Airlinehaber’de 2016 yılında 2 dizi olarak yayımlanan “DC-10 PARİS KAZASI VE BİLİNMEYENLER” yazılarımı okuyanlar, ilk paragrafta konu ettiğim THY’nın en fazla ölüme neden olan büyük uçak kazasını mutlaka hatırlayacaklardır. Aşağıda okuyacağınız olay aslında, 1974 yılında THY, DC-10 Paris kazasının 1,5 yıl öncesinden gelen bir ön habercisiydi. Ancak üretici Mc Donnel Douglas, siparişlere darbe vurur korkusu yüzünden, American Airlines olayından ders alamamış ve THY Paris kazası tam 346 insanın canına mal olmuştu. AA Flight 96 olayının çanları kimin için çalmıştı?
American Airlines (AA) şirketi, bu son teknoloji uçağı almış, uçuruyordu. Uçuş numarası 96, tescil ismi N103AA olan DC-10-10 tipi uçak, 12 Haziran 1972 günü Los Angeles’dan 3 bacaklı seferi için kalkmış, Detroit, Buffalo ve New-York’a uçacaktı. İlk bacak Los Angeles-Detroit uçuşu sorunsuz gerçekleşmişti. Şimdi Detroit’ten kalkmış, 384 Km uzaktaki Buffalo’ya uçuyordu. Uçakta 56 yolcu ve 11 ekip olmak üzere toplam 67 kişi vardı.
Üç kişilik kokpit ekibinde kaptan Brice M. 52 yaşında, 24.000 saat uçuş deneyimli, First Officer (FO) 34 yaşında, Flight Engineer (FEO) 50 yaşındadır. DC-10 uçağı yeni bir tip olduğu için, bu kokpit ekibinin henüz hiç birisinde, DC-10 tipinde 75 saatin üzerinde deneyimi yoktu.
Buffalo’ya gitmek için, uçak Detroit kalkışından 7 dakika sonra tırmanırken 10.000 feeti geçmiş, 11.800 feete eriştiğinde, kabin ve kokpitte önce şiddetli bir patlama sesi duyuldu, arkasından kokpitteki kağıtlar ve tozlar havada alabora olup uçuşmaya başladı, göz gözü görmüyordu. Kaptan FO’e “galiba bir cisimle çarpıştık” dedi.

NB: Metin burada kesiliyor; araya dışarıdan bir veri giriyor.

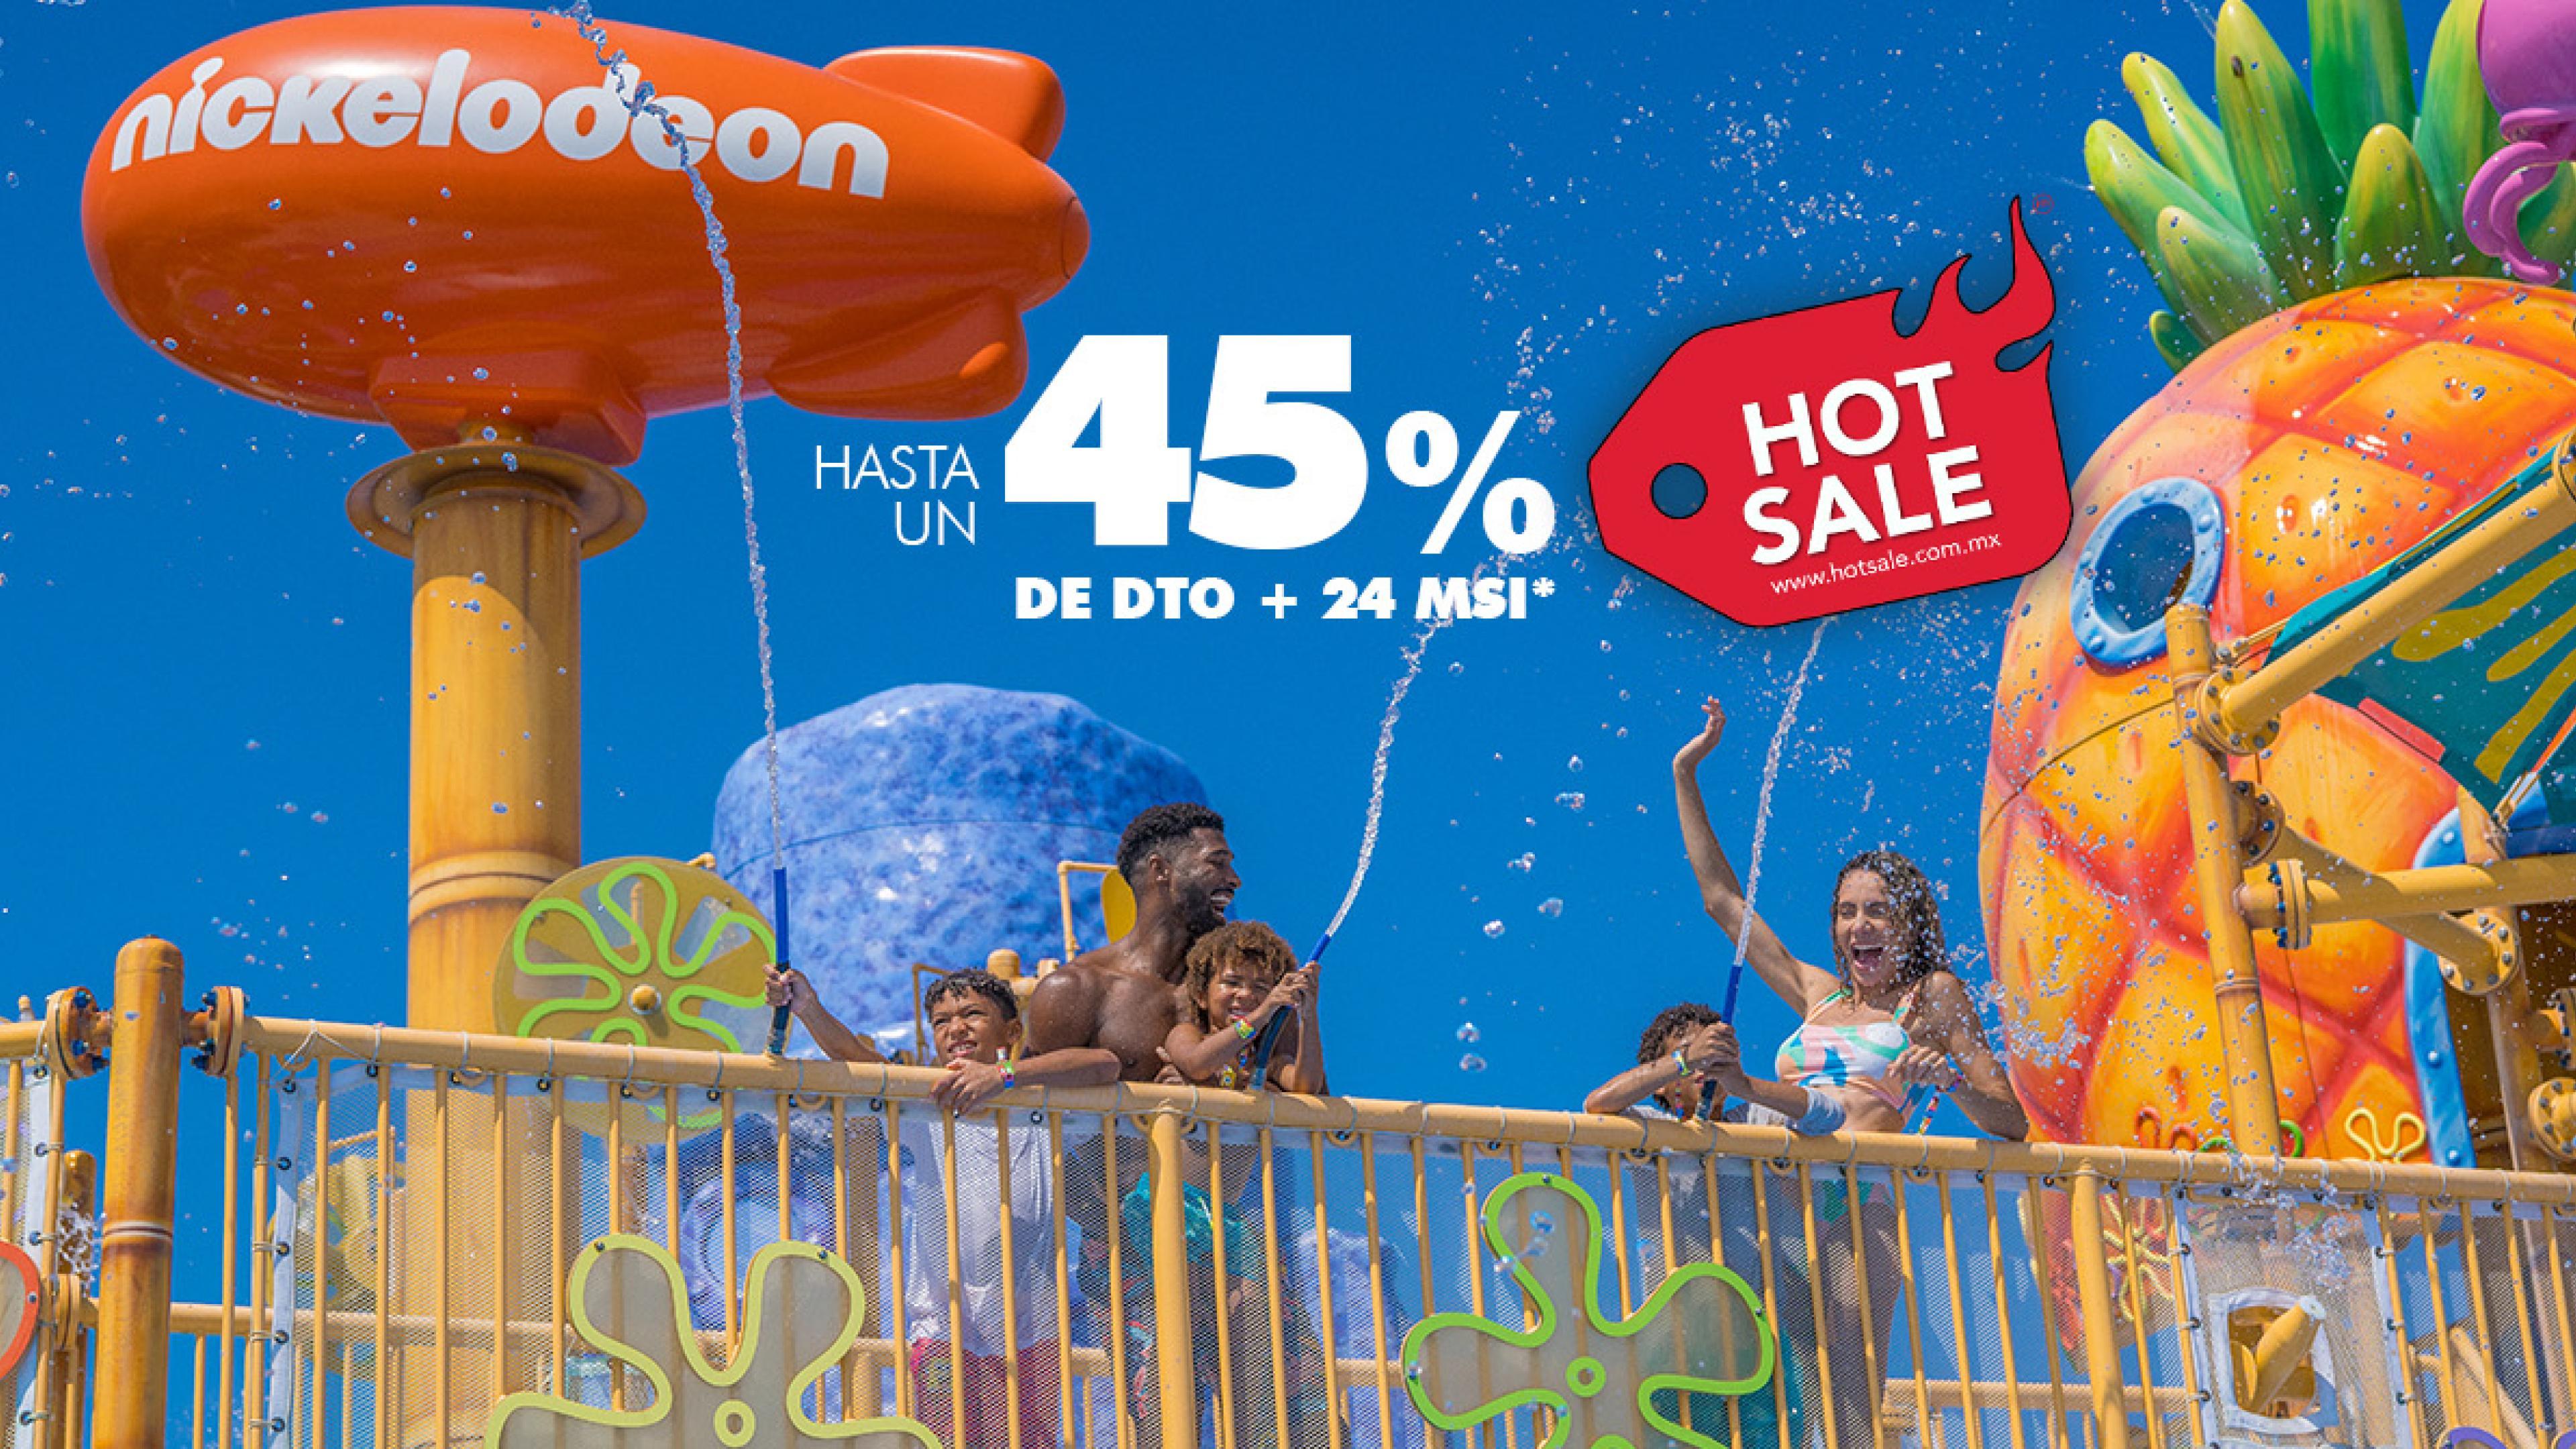 Hot Sale MX Bannereon Nickelodeon

Gerçekte bir cisimle çarpışmamışlar, uçağın arka kargo kapısı patlama şeklinde açılmış ve kabin basıncı buradan hızla boşalmıştı (Rapid Decompression). Kargo kompartmanındaki kabin basıncı bir anda atmosfere boşalınca, yolcu kabini döşemesi; üzerindeki kabin basınç yükü nedeniyle aşağıya, kargo kompartmanına doğru çökmüş, çökme nedeniyle döşemenin altından geçen 2 nolu motor ile elevator, rudder gibi uçuş kumandalarına ait çelik kumanda kablolarını germiş, sıkıştırmıştı.

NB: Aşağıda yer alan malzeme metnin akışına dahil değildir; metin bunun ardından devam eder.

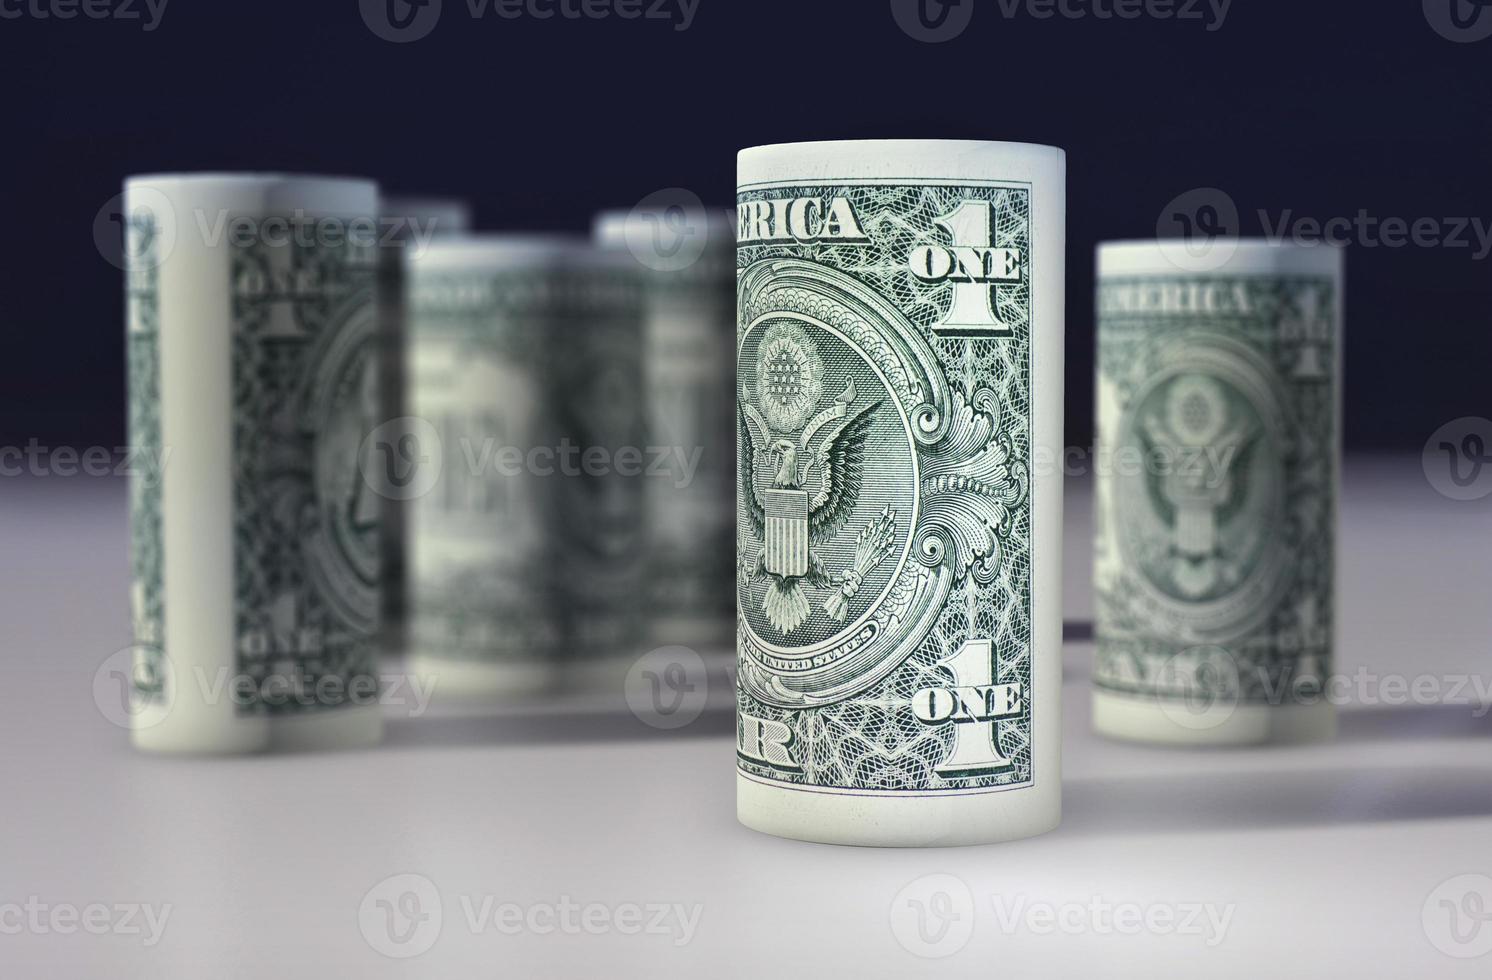 Amerikaanse dollar van 1 dollar opgerold op de zwarte foto

Kabin döşemesinin çökmesi sonucu sıkışan, gerilen uçuş kumanda kabloları nedeniyle uçak sola yatmaya başlamıştı. Kaptan; “kumandalar bende” diyerek uçağı yatay duruma getirmek için uğraşırken FO, “bir motorumuzu kaybettik”, “hidroliğimiz var mı?” diye sorunca kaptan, “hayır yok, rudder’ımız tam sağa dönük (full deflection) ve kumanda edemiyorum” dedi.

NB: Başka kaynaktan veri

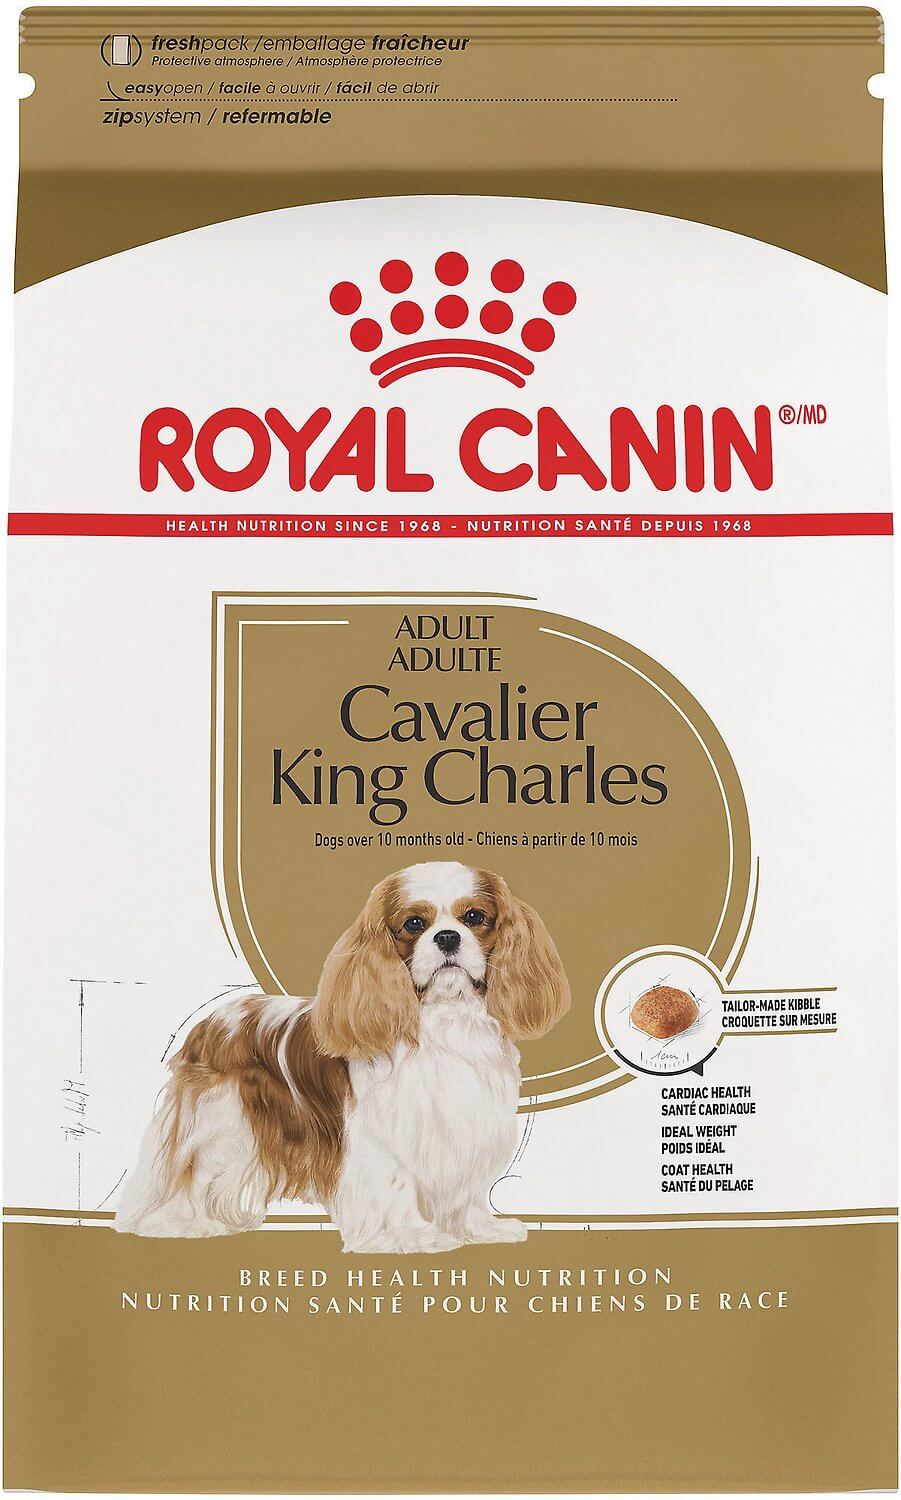 Royal Canin Dog Food Review | Recalls

Kaptan motorlara gaz verdiğinde 2 nolu motorun cevap vermediğini görünce motoru kaybettiklerini ve büyük bir problemle karşı karşıya olduklarını anlayıp, kalkış meydanı olan Detroit’e dönmeye karar verdi, emergency ilan etti. Neyse ki, geç ve yavaş cevap veriyor olmasına rağmen, elevatörlere halâ kumanda edilebiliyordu. Rudder tam sağa dönük ve sıfırlanamadığı için, kaptan kanatlardaki motorlardan birisine gaz verip diğerini idle’a çekerek sağa dönük olan rudderın etkisini yok etmeye gayret ediyordu. Sola dönüş için sağ motora tam gaz verip sol motoru flight idle çekmek zorunda kalmıştı. Bu arada bir kabin memuru kokpite, kabin arka tarafında bir delik oluştuğunun bilgisini iletti.
Detroit’e yaklaşma yapılırken kaptan gazları flight idle’a çekince, uçak çok hızlı irtifa kaybetmeye başladı. Bu önlenemezse piste varmadan yere çarpacaklardı, mecburen motorlara gaz verdi. Bu defa da limit dışı yüksek bir hızda iniş yapmak zorunda kalacaklardı.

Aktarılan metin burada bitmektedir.